ASSIGNMENT: Transcribe exactly the lines that fall between the one holding "Biofarm at Shanghai" and the one holding "Noter les micro rayures à l'intérieur", inclusive, from the entries below.

TASK INPUTS:
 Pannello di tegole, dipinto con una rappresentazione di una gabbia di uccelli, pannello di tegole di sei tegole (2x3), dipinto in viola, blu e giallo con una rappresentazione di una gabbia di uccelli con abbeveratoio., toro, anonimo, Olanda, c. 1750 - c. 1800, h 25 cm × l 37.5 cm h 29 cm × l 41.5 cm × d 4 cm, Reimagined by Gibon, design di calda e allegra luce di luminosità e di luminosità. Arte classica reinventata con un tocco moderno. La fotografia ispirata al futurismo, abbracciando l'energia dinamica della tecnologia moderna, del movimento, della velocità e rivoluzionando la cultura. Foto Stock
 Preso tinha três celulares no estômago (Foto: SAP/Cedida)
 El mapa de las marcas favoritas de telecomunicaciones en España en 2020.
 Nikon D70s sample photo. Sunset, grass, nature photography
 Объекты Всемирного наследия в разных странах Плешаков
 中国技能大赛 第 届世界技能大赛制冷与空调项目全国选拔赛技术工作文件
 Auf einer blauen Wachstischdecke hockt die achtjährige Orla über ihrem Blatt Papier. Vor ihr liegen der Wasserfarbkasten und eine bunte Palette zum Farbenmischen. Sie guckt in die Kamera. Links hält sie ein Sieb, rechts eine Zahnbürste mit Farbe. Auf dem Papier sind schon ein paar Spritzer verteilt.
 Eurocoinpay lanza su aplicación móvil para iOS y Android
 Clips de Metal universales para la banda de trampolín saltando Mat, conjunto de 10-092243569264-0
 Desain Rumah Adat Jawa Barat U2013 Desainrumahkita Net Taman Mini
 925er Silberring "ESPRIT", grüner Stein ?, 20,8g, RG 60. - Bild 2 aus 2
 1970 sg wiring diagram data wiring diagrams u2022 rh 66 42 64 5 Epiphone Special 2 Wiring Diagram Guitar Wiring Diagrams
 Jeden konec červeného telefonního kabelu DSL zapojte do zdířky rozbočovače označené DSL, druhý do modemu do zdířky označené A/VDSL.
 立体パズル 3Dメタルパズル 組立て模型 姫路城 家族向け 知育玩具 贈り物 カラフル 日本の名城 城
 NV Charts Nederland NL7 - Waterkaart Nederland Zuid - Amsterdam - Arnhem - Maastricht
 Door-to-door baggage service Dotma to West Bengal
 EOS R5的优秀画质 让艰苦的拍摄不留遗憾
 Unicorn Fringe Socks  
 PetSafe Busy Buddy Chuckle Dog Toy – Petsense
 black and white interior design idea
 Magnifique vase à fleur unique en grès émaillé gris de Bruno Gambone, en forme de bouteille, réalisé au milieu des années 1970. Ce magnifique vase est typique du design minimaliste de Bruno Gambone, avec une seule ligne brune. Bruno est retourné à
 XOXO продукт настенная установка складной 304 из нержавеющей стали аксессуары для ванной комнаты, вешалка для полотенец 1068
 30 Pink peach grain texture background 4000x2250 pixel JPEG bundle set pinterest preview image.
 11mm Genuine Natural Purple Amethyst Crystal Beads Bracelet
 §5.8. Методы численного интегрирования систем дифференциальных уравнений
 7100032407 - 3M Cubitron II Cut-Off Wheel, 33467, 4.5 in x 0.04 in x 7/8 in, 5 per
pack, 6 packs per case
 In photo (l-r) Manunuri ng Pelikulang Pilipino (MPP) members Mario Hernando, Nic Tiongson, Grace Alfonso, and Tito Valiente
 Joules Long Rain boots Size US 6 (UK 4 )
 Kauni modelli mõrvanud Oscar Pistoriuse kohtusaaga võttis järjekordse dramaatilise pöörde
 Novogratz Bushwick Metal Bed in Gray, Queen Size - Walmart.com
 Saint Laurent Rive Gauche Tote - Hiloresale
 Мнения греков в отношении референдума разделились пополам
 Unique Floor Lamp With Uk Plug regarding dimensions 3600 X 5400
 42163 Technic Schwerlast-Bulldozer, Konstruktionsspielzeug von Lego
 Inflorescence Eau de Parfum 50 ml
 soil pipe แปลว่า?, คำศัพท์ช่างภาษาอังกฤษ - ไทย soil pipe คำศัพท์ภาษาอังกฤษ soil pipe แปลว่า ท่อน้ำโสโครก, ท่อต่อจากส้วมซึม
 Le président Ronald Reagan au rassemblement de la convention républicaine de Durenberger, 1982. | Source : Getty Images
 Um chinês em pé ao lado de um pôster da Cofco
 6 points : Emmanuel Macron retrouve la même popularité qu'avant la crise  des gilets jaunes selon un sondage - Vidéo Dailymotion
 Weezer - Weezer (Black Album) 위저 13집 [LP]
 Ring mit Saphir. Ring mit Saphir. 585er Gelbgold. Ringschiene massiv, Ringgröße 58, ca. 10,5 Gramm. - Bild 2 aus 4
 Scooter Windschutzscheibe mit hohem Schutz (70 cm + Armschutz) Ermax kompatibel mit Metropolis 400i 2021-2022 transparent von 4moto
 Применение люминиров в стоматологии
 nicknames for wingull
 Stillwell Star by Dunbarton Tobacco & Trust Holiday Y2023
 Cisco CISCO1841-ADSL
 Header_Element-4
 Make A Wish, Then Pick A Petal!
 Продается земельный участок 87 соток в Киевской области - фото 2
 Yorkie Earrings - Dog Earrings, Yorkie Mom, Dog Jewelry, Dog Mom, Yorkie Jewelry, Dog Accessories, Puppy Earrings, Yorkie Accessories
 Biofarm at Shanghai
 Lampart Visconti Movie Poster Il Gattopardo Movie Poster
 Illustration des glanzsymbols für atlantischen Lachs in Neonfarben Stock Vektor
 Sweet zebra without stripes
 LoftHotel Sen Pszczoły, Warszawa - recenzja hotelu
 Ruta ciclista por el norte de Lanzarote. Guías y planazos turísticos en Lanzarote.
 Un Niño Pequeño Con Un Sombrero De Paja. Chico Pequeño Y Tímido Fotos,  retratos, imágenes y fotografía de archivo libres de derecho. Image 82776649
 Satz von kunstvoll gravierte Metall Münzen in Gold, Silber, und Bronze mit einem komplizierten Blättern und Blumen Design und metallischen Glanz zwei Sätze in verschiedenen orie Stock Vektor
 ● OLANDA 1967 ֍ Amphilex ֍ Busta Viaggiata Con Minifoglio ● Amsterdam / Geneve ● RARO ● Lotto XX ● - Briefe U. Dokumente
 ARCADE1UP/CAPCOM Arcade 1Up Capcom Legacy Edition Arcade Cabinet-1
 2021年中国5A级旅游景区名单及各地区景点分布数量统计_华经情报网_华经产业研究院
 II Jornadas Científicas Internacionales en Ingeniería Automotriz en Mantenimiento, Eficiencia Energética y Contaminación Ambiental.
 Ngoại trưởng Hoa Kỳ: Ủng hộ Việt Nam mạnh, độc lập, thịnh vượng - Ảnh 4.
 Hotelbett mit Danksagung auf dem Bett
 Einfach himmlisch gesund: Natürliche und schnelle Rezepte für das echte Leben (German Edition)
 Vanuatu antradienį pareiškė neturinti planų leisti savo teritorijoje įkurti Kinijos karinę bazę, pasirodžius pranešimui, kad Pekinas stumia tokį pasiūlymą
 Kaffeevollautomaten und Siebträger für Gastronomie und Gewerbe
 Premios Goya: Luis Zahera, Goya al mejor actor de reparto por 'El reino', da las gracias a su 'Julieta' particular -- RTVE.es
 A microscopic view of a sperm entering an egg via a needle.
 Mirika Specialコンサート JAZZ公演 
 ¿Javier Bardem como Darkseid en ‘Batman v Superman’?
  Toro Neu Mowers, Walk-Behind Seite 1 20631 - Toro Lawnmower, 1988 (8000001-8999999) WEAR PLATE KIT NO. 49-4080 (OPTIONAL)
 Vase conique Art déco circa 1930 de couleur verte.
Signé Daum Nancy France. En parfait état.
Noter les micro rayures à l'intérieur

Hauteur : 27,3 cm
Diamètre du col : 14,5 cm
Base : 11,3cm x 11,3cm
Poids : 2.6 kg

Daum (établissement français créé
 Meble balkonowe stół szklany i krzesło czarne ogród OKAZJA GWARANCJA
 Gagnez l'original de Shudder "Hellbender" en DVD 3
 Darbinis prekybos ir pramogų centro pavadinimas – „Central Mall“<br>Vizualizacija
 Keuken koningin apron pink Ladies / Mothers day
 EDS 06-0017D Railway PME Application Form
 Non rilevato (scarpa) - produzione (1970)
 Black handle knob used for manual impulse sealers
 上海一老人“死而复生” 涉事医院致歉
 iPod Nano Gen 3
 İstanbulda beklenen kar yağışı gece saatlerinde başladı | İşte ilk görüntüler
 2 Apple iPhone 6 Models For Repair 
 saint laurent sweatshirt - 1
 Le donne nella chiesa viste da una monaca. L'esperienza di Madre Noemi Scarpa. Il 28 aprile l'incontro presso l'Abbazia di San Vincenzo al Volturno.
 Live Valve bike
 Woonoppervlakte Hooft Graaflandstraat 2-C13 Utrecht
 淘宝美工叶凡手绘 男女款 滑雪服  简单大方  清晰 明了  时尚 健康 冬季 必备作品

SOLUTION FOR THIS EXERCISE:
 Biofarm at Shanghai
 Lampart Visconti Movie Poster Il Gattopardo Movie Poster
 Illustration des glanzsymbols für atlantischen Lachs in Neonfarben Stock Vektor
 Sweet zebra without stripes
 LoftHotel Sen Pszczoły, Warszawa - recenzja hotelu
 Ruta ciclista por el norte de Lanzarote. Guías y planazos turísticos en Lanzarote.
 Un Niño Pequeño Con Un Sombrero De Paja. Chico Pequeño Y Tímido Fotos,  retratos, imágenes y fotografía de archivo libres de derecho. Image 82776649
 Satz von kunstvoll gravierte Metall Münzen in Gold, Silber, und Bronze mit einem komplizierten Blättern und Blumen Design und metallischen Glanz zwei Sätze in verschiedenen orie Stock Vektor
 ● OLANDA 1967 ֍ Amphilex ֍ Busta Viaggiata Con Minifoglio ● Amsterdam / Geneve ● RARO ● Lotto XX ● - Briefe U. Dokumente
 ARCADE1UP/CAPCOM Arcade 1Up Capcom Legacy Edition Arcade Cabinet-1
 2021年中国5A级旅游景区名单及各地区景点分布数量统计_华经情报网_华经产业研究院
 II Jornadas Científicas Internacionales en Ingeniería Automotriz en Mantenimiento, Eficiencia Energética y Contaminación Ambiental.
 Ngoại trưởng Hoa Kỳ: Ủng hộ Việt Nam mạnh, độc lập, thịnh vượng - Ảnh 4.
 Hotelbett mit Danksagung auf dem Bett
 Einfach himmlisch gesund: Natürliche und schnelle Rezepte für das echte Leben (German Edition)
 Vanuatu antradienį pareiškė neturinti planų leisti savo teritorijoje įkurti Kinijos karinę bazę, pasirodžius pranešimui, kad Pekinas stumia tokį pasiūlymą
 Kaffeevollautomaten und Siebträger für Gastronomie und Gewerbe
 Premios Goya: Luis Zahera, Goya al mejor actor de reparto por 'El reino', da las gracias a su 'Julieta' particular -- RTVE.es
 A microscopic view of a sperm entering an egg via a needle.
 Mirika Specialコンサート JAZZ公演 
 ¿Javier Bardem como Darkseid en ‘Batman v Superman’?
  Toro Neu Mowers, Walk-Behind Seite 1 20631 - Toro Lawnmower, 1988 (8000001-8999999) WEAR PLATE KIT NO. 49-4080 (OPTIONAL)
 Vase conique Art déco circa 1930 de couleur verte.
Signé Daum Nancy France. En parfait état.
Noter les micro rayures à l'intérieur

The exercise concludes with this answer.